The segmental domains of the BX-C can now be mapped with precision, allowing for investigation of the roles of parasegment enhancers, Polycomb response elements, and boundary elements in the creation of these domains. The enhancer traps reported here redefine several segmental domains. The most proximal group (HC71-1, HC179, and HC16-1) show that the PS5 domain extends at least 20 kb more proximal than the proximal-most bx mutant lesion, almost to the final exon of the Ubx transcription unit. Likewise, the HC184B line extends the limit of the bxd region, mapping 15 kb distal to the most distal bxd mutation so far reported. The most surprising observation is that both the HCJ192B and HCJ200 insertions give lacZ patterns with the anterior edge at PS8, thus extending the iab-3 domain. Two rearrangement breaks proximal to the HCJ200 site had been called iab-4 lesions in a prior analysis. These should now be called iab-3 alleles. There is no contradiction implied by the redefinition, because breaks in the iab-3 domain also lack iab-4 function: they cut the iab-4 domain away from the abd-A gene it is meant to regulate. The iab-4 domain may begin just distal to the HCJ200 site; another P element insertion less than 2 kb from HCJ200 shows lacZ expression with a PS9 anterior boundary (Bender, 2000).
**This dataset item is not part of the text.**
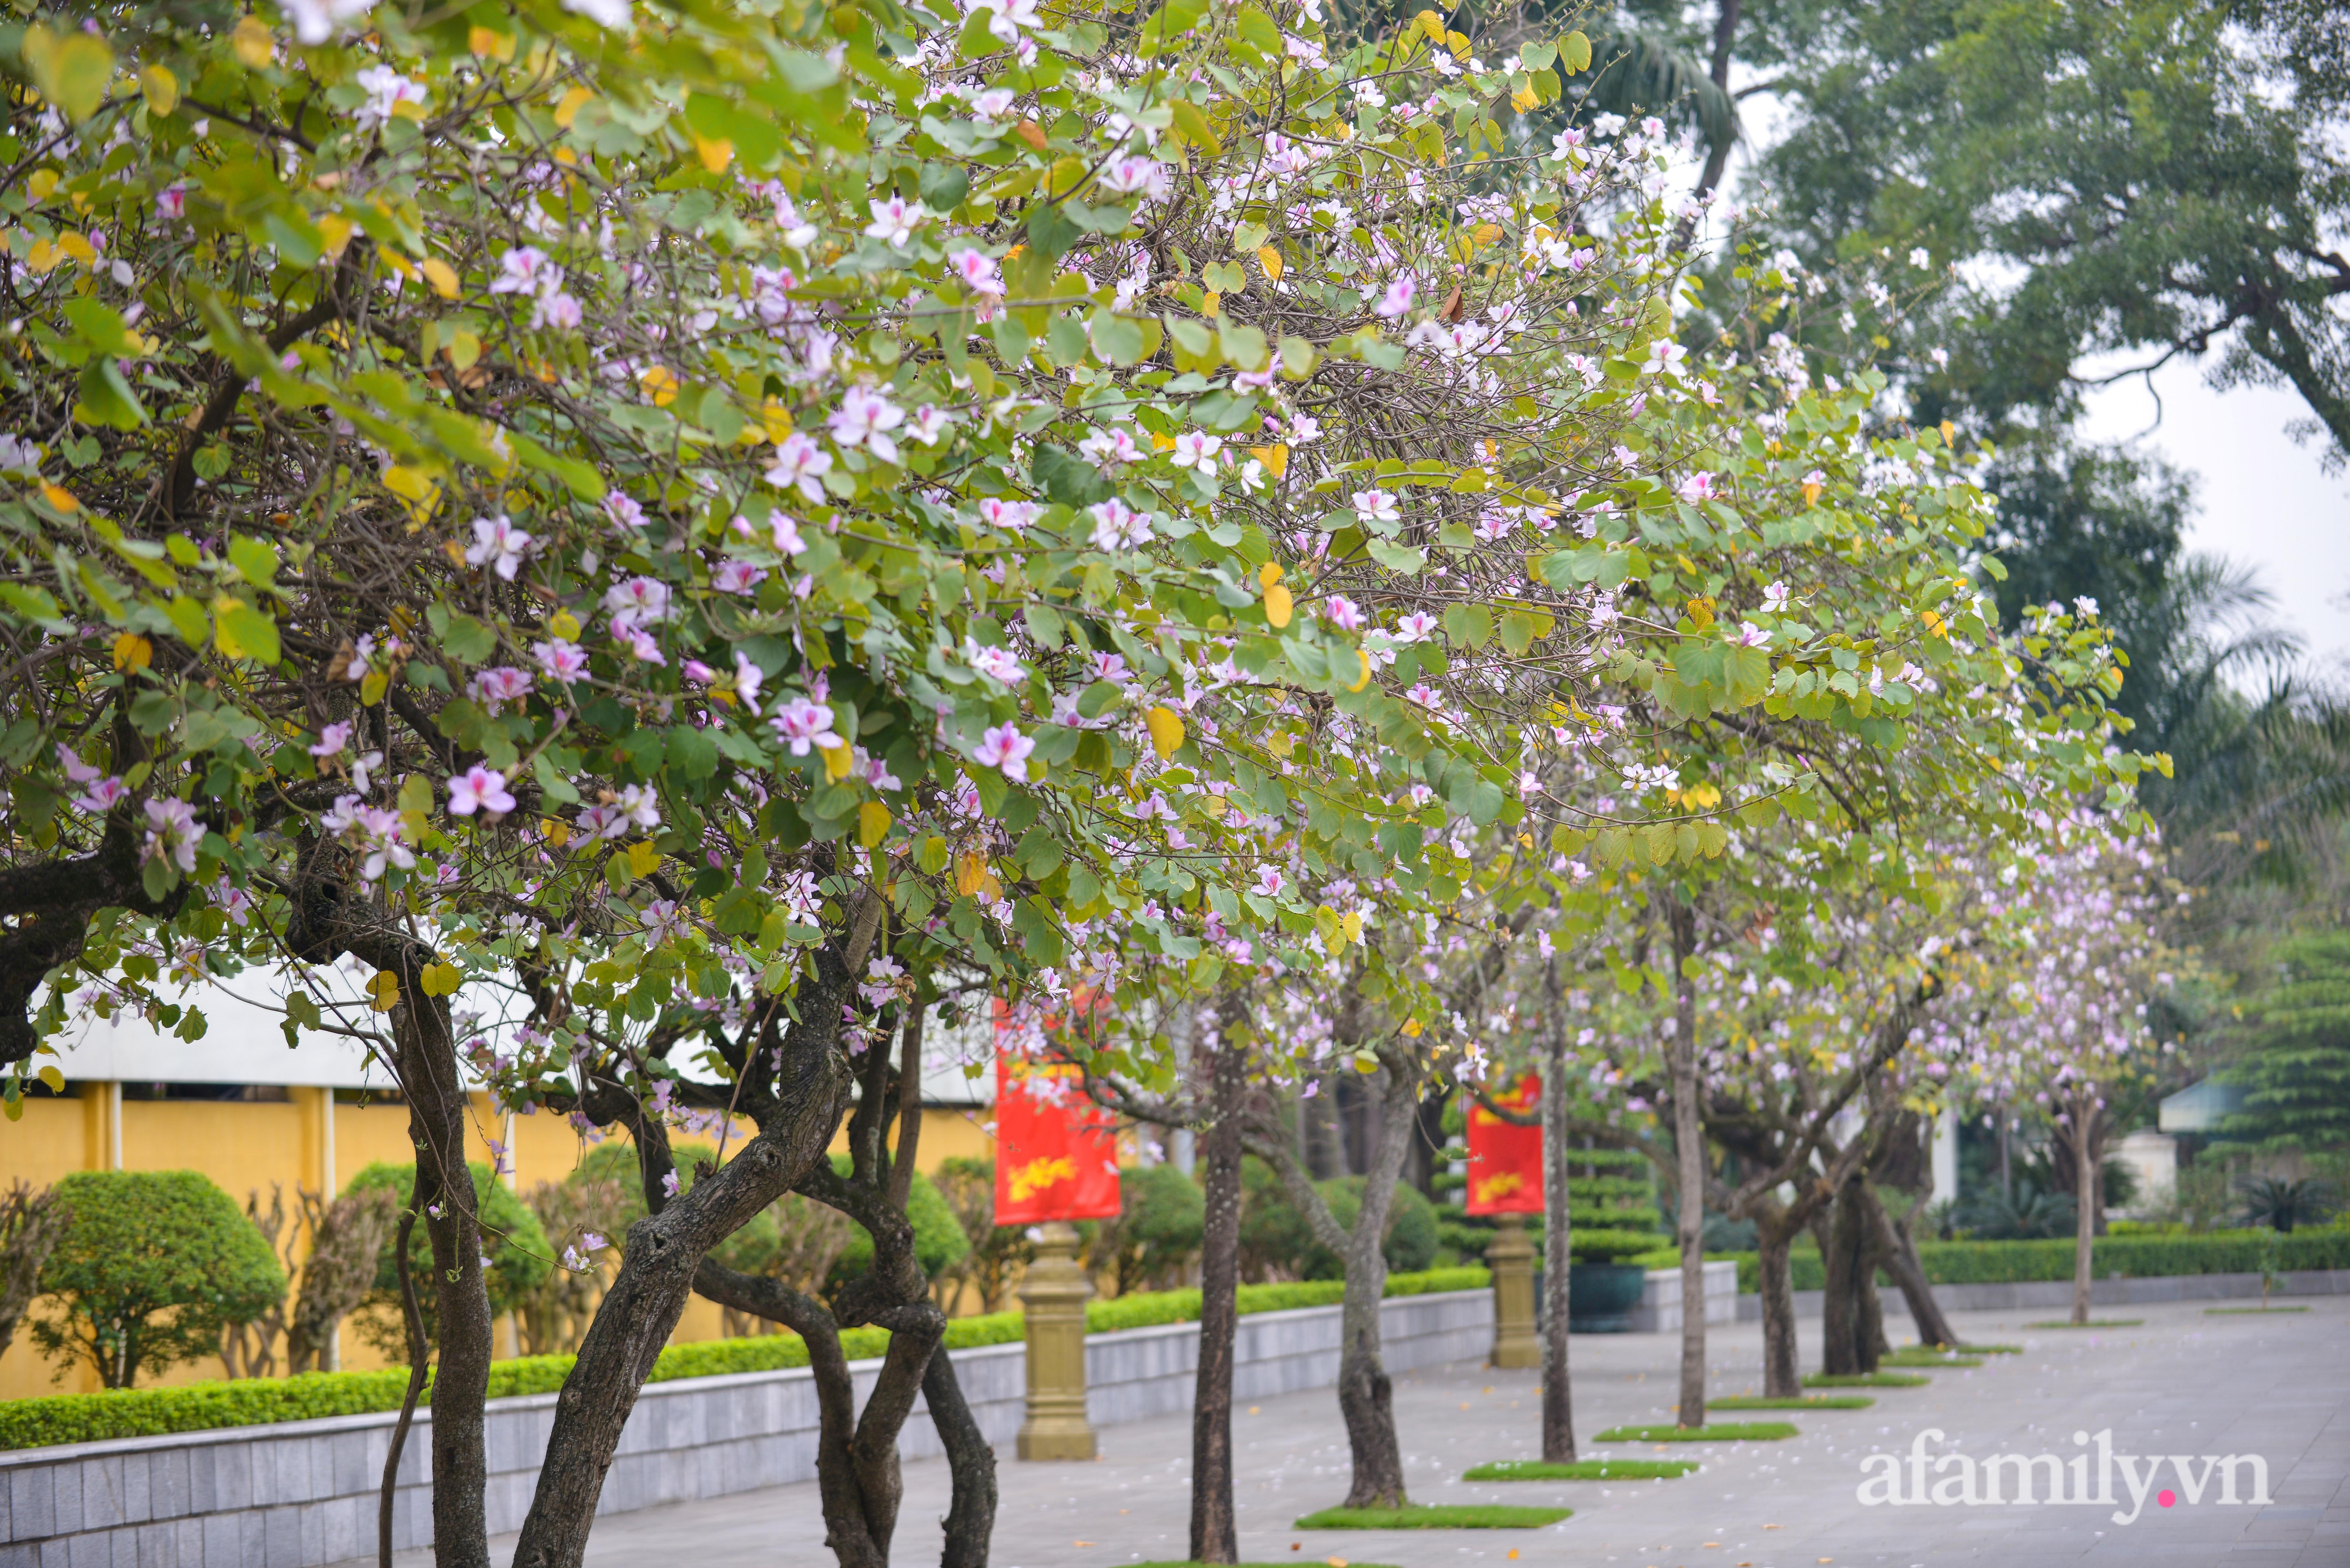 Ảnh: Hoa ban tím bung nở rực rỡ, bừng sáng khắp đường phố Hà Nội - 1
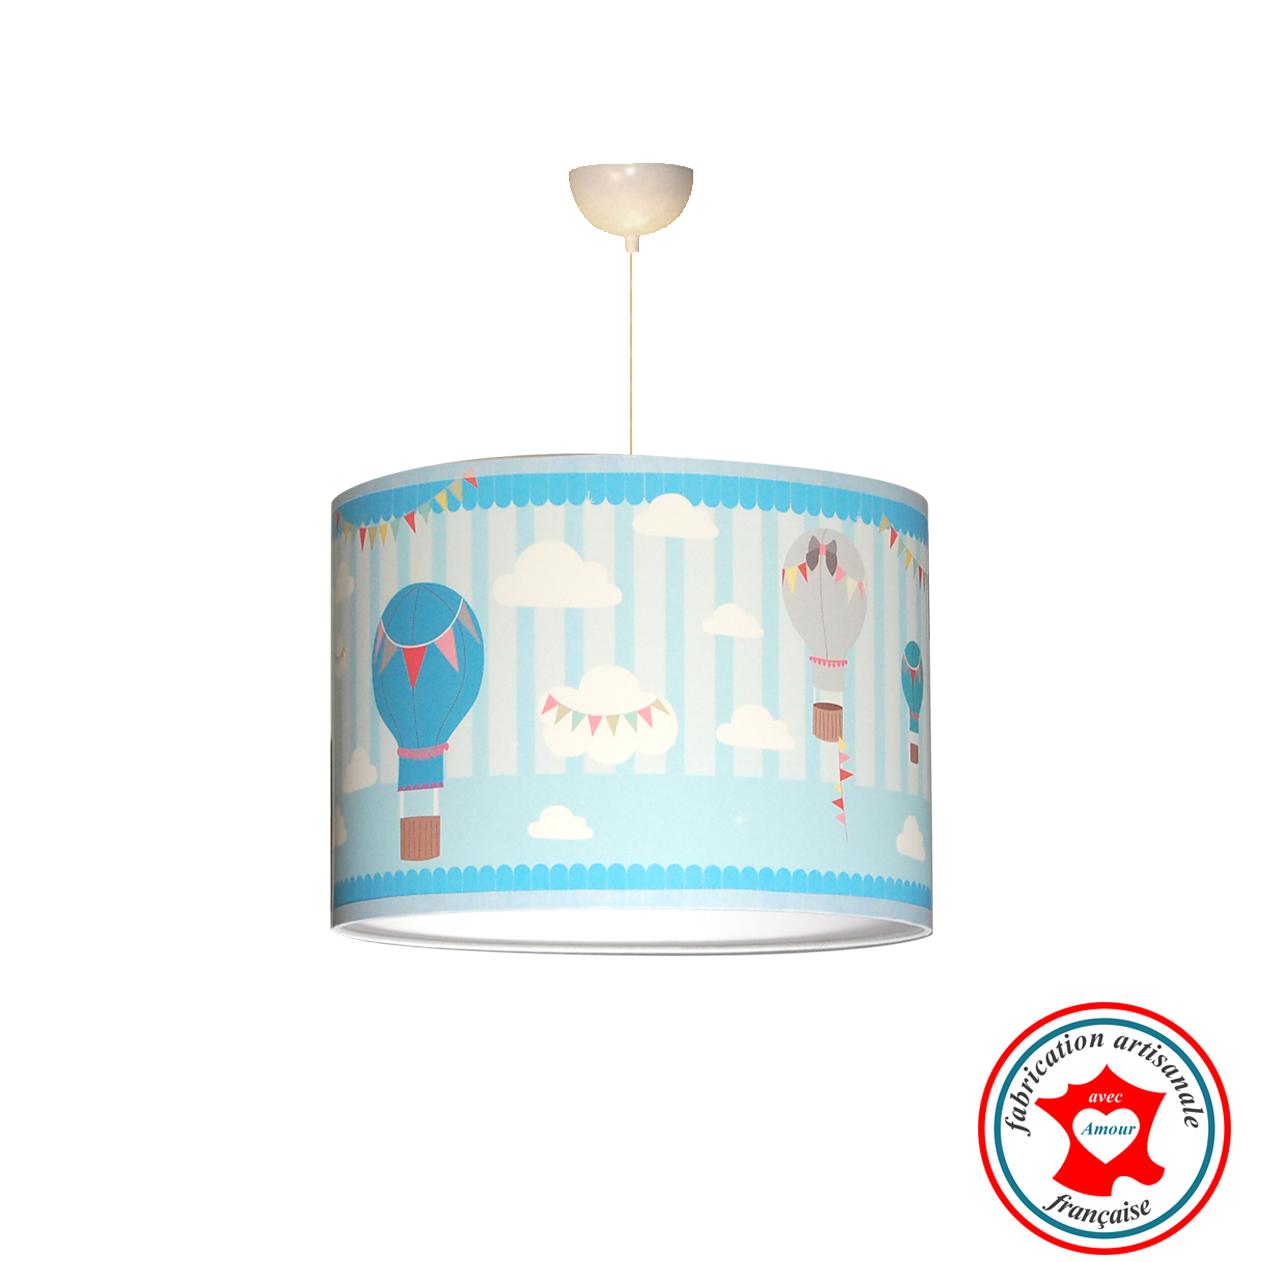 Montgolfiere b susp 1

Models for P element homing generally invoke a homotypic interaction between proteins bound to the homing fragment and identical proteins bound to the genomic copy of that DNA fragment. Such binding would tether the P element donor plasmid before P transposition. Most DNA binding proteins are bound to hundreds of places throughout the genome; therefore, homotypic interactions of such proteins would target a P element to so many places that insertions might appear random. P elements containing Polycomb response elements may be homing to many endogenous Polycomb binding sites in this manner. Homing to a single chromosomal location, as is reported here, would require that the DNA binding proteins mediating the homing be present at only one or a few sites in the genome. A DNA element unique to the homeotic complexes is perhaps the boundary element separating segmental domains. Such boundaries have been best defined by the Fab and Mcp deletions. The homing fragment appears to contain a boundary element; it can block Polycomb repression from either side. From its position in the BX-C, the normal function of this boundary must be to separate the bxd and iab-2 domains (Bender, 2000).